At the same time, the rising numbers of educated middle class and growing urbanisation, the intrusion of electronic and social media in the daily life, the demonstration effect emanating from a globalised economy have raised the expectations of the society. The capacity of the state to meet these expectations is becoming weaker every day. 

The frustration of the ruling political parties and the dissatisfaction of the general public can both be reconciled if serious governance reforms are undertaken and institutions are strengthened. The problem has however, become even more difficult as informal institutions of governance in Pakistan have also weakened. Nepotism, favoritism and corruption have become entrenched social norms. Trust and social capital ,on the other hand which play a positive role are eroding rapidly. Social polarisation of ‘US’ versus ‘THEY’ has become part of our norms reinforcing tendencies of adversity, confrontation and hostility. 

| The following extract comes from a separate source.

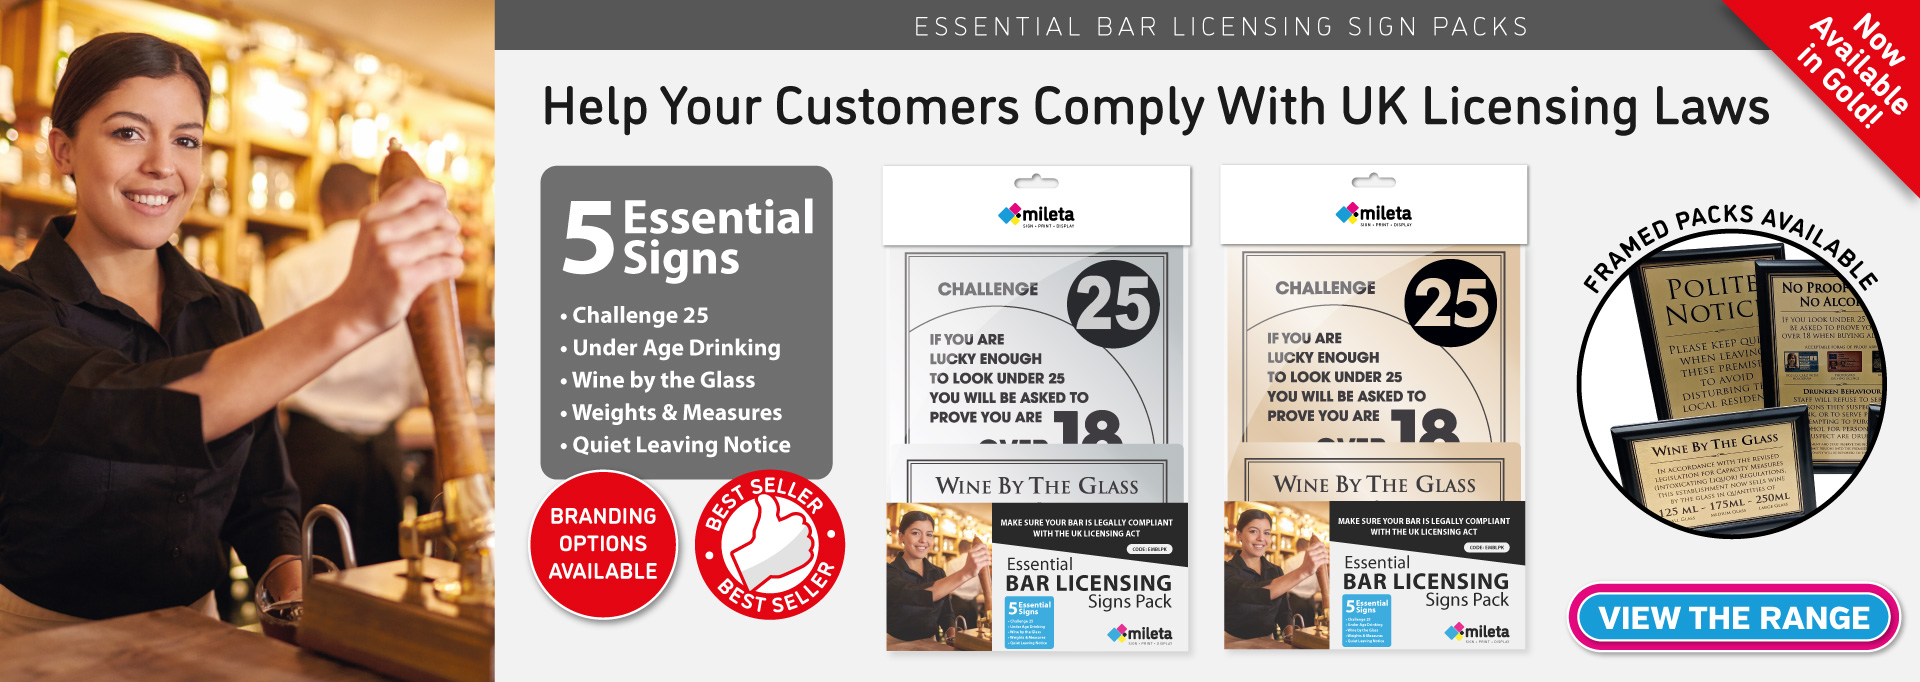 Essential Bar Licensing Sign Packs

A road map built after consultation with the stakeholders, observations, inspections and visits to many districts throughout Pakistan, studies and analyses been prepared for governance and institutional reforms. What has been lacking so far is the political courage to implement these reforms and a visionary leadership that sees beyond the next electoral cycle. 

Why has there been an unwillingness or resistance to implement these reforms if every Government feels the heat and wrath of the general public and is unable to perform. The reason is that the proposed reforms attack the existing system based on patronage, loyalty, connections, mutually benefitting bargains and deals and narrow personal and parochial interests. 

The new system that cannot replace the existing system overnight or even in a few years lays down merit, hard work, ethical behaviour and reward for performance as the underlying principles. The benefits of this system will not accrue to the party in power during its tenure but the costs are upfront and would have to be borne by the party that initiates the reforms process. The ordinary politician who has to face his constituency would not be able to place his supporters in lucrative government jobs, award juicy contracts to them, get officers loyal to him appointed as DG, SP, Tehsildar and SHO. From his viewpoint these reforms are an anathema because he loses all the levers of control which he exercises through this patronage system. This disconnect between the costs to be incurred by elected politicians in the form of  losing their privileges, power and pelf immediately as a result of these reforms and the benefits that are invisible, diffused and uncertain and will accrue in distant future is the primary reason as to why no government has bitten the bullet and implemented the long term structural reforms agenda.  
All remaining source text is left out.